What people want from their workplace is to have their basic human needs fulfilled, he said, speaking at the National Business Group on Health’s fall well-being conference in Washington, D.C. The key to fulfilling those needs, he said, lies within three key areas:
- Competence: feeling good about your job but knowing where you can grow
- Autonomy: knowing you have a say in how you do your job.
- Relatedness: feeling connected to your colleagues.
“Unfortunately, most organizations do a dreadful job of creating psychologically fulfilling experiences,” he said.
When employees begin a new job, he said, their first few months can be stressful. They often struggle to find what’s expected of them and to negotiate the organizational culture. But after a few years, those challenges disappear, and jobs can become predictable or boring.
“What we need is an opposite trajectory,” he said. “Employees need a job that starts out moderately difficult and continues to get difficult as their skills grow.” How do you create an organization that consistently offers employees new challenges without taking up too much of their time?

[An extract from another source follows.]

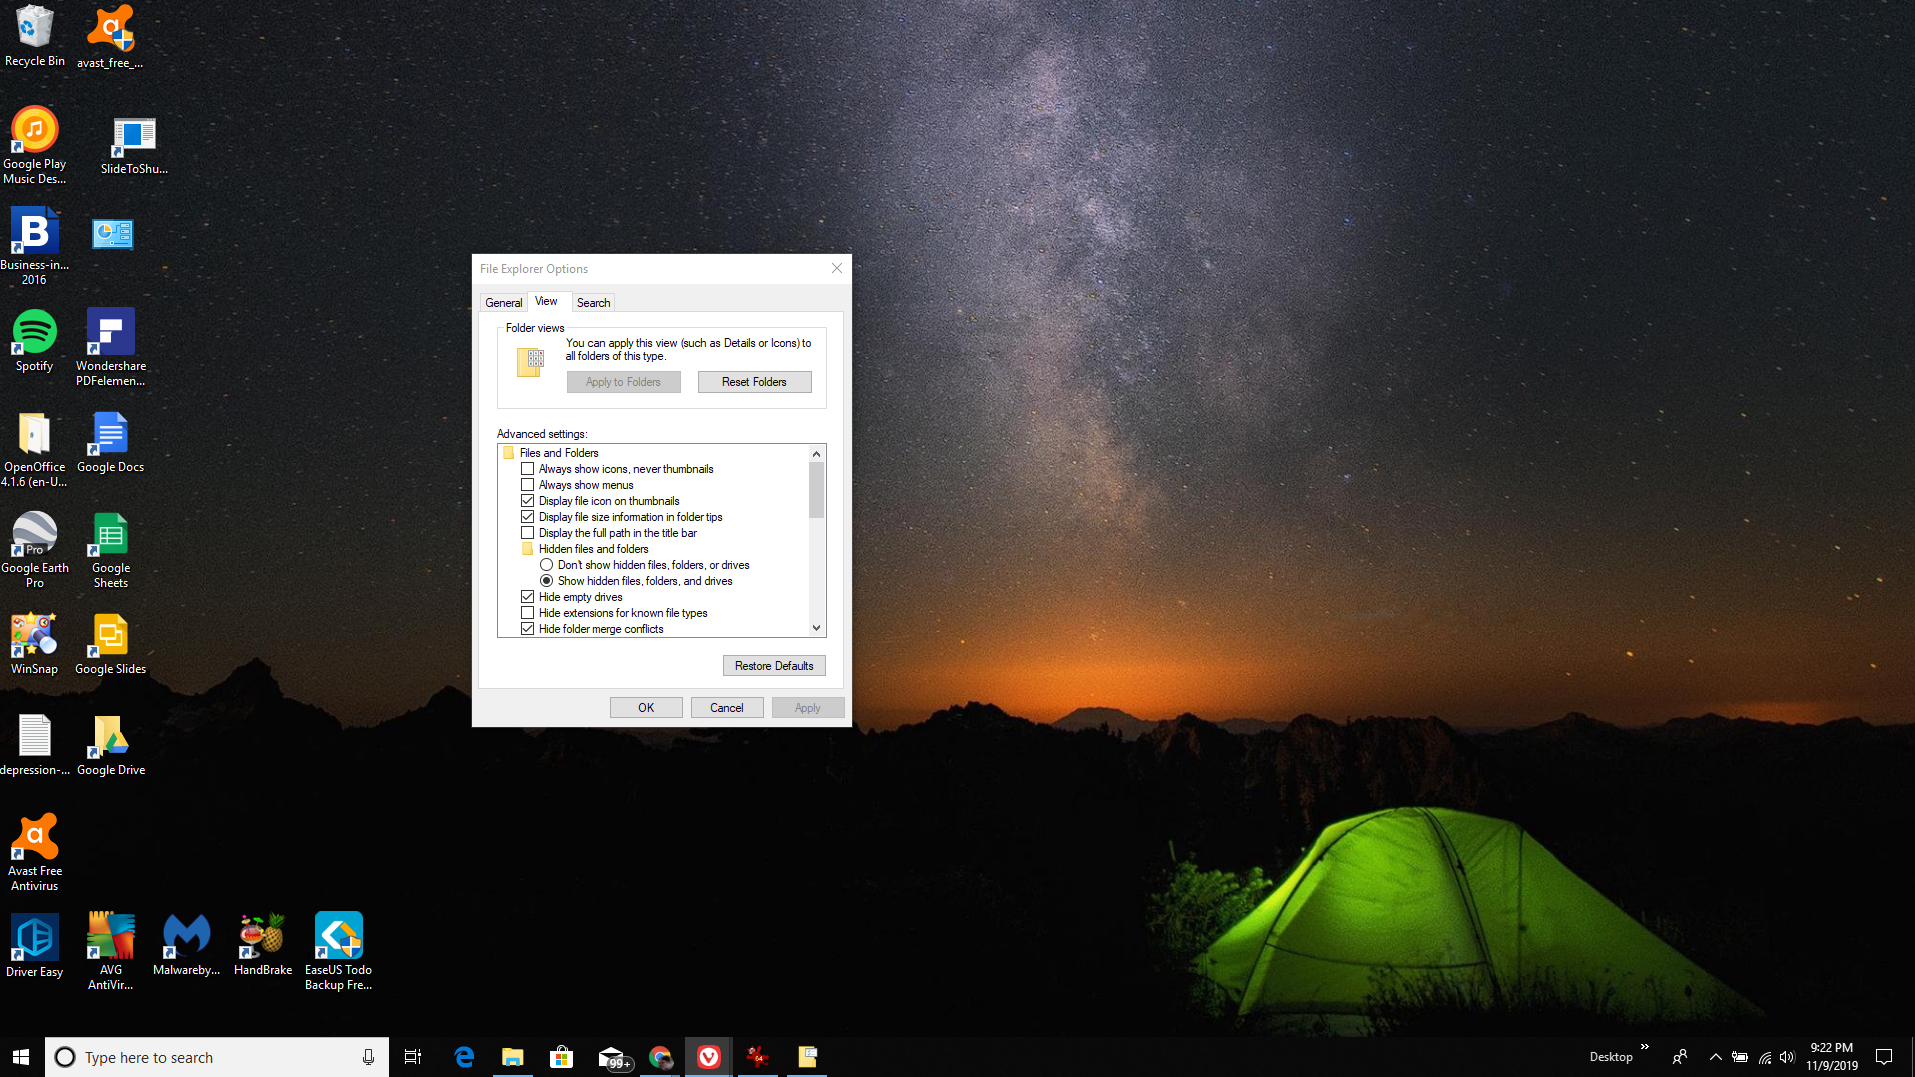 Screenshot of File Explorer Options in Windows 10

There are a number of simple, inexpensive programs employers can put in place to help challenge employees, Friedman said.
For example, some employers have begun offering a reading budget so that employees can expose themselves to new ideas and perspectives. “They feel like they’re growing at work,” he said, “and that means engagement.”
In industries where not all employees may have time to read a book, such as manufacturing, he said, a similar concept would be to encourage employees to scan industry blogs or participate in lunchtime discussions. “Just expose them to conversations,” he said.
Cultivating growth through challenge
Another avenue through which employers can challenge workers and cultivate growth, Friedman said in his talk, is to reward failure. “Not all failures are created equal,” he notes. There are of course bad failures, he said, but there are mistakes that happen when employees try something new — something he called “intelligent risk taking.”
“When we [try to avoid] all types of failures, growth grinds to a halt,” he says. “Demanding perfection makes success impossible. You don’t want perfection to be the goal of your team; you want improvement to be the goal of your team.”
In addition, he said, creating a sense of community can help employees be better at their jobs. “There is more focus, and there is no need to wonder if they fit in,” he said. “There is also more honest dialogue.”
Employers can help create community, he said, by investing in their social spaces. Real connections rarely form in the conference room; they more often happen in informal social situations. “Having friends at work is essential to retaining your top workers, but at most companies it’s an afterthought,” he said.